### Data section:
= = = = = = =
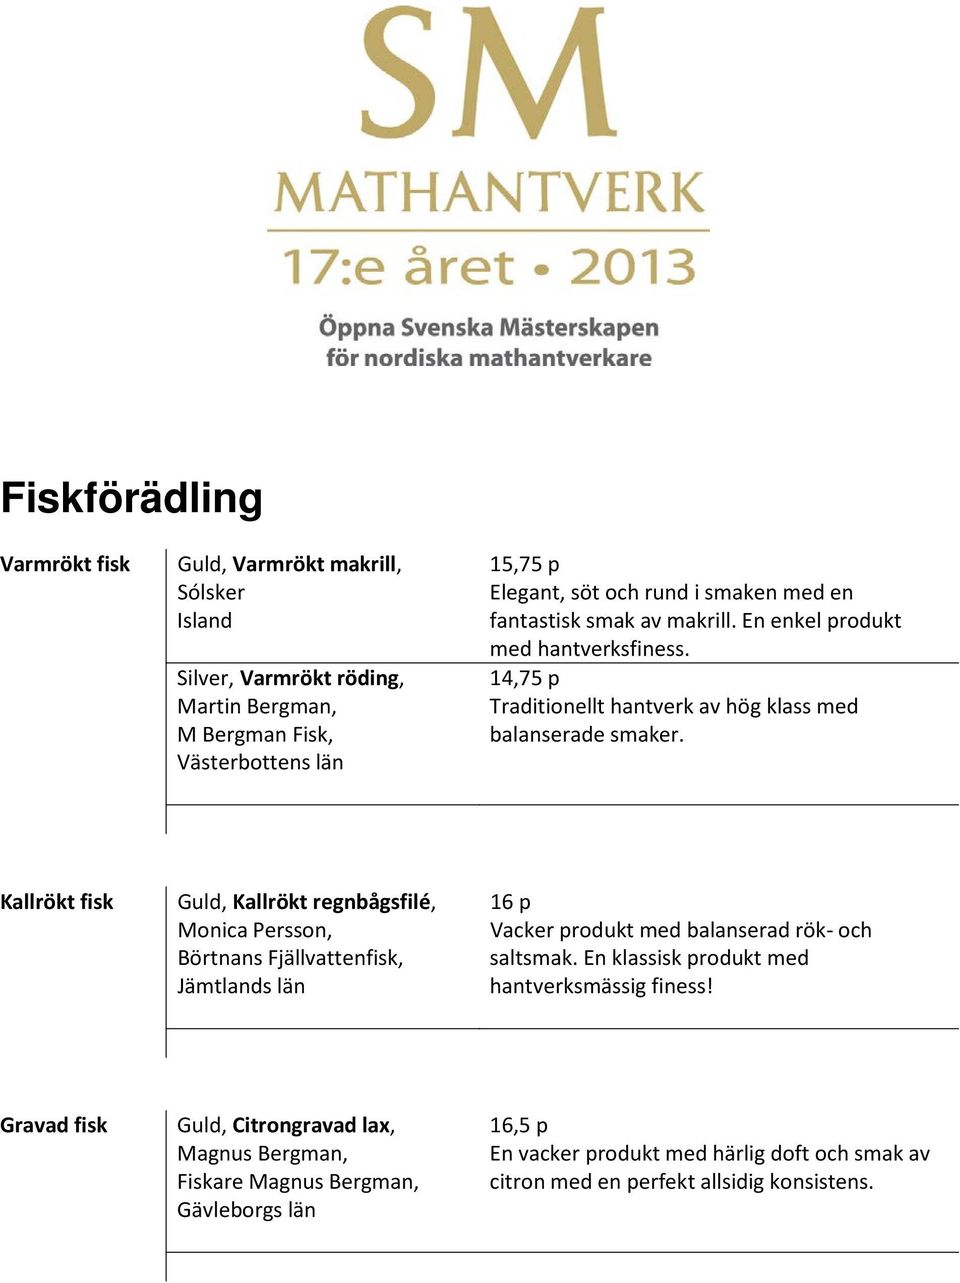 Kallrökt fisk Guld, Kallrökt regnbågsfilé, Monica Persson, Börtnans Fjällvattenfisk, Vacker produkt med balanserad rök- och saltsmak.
= = = = = = =
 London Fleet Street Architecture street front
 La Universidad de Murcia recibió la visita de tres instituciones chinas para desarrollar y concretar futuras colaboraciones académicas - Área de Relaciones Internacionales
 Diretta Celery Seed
= = = = = = =
### Work instructions:
Go through the listing above and write out exactly the lines starting with the one holding "La Universidad de" and running through the one holding "Diretta Celery Seed", ends included, and no others.

### Written answer:
 La Universidad de Murcia recibió la visita de tres instituciones chinas para desarrollar y concretar futuras colaboraciones académicas - Área de Relaciones Internacionales
 Diretta Celery Seed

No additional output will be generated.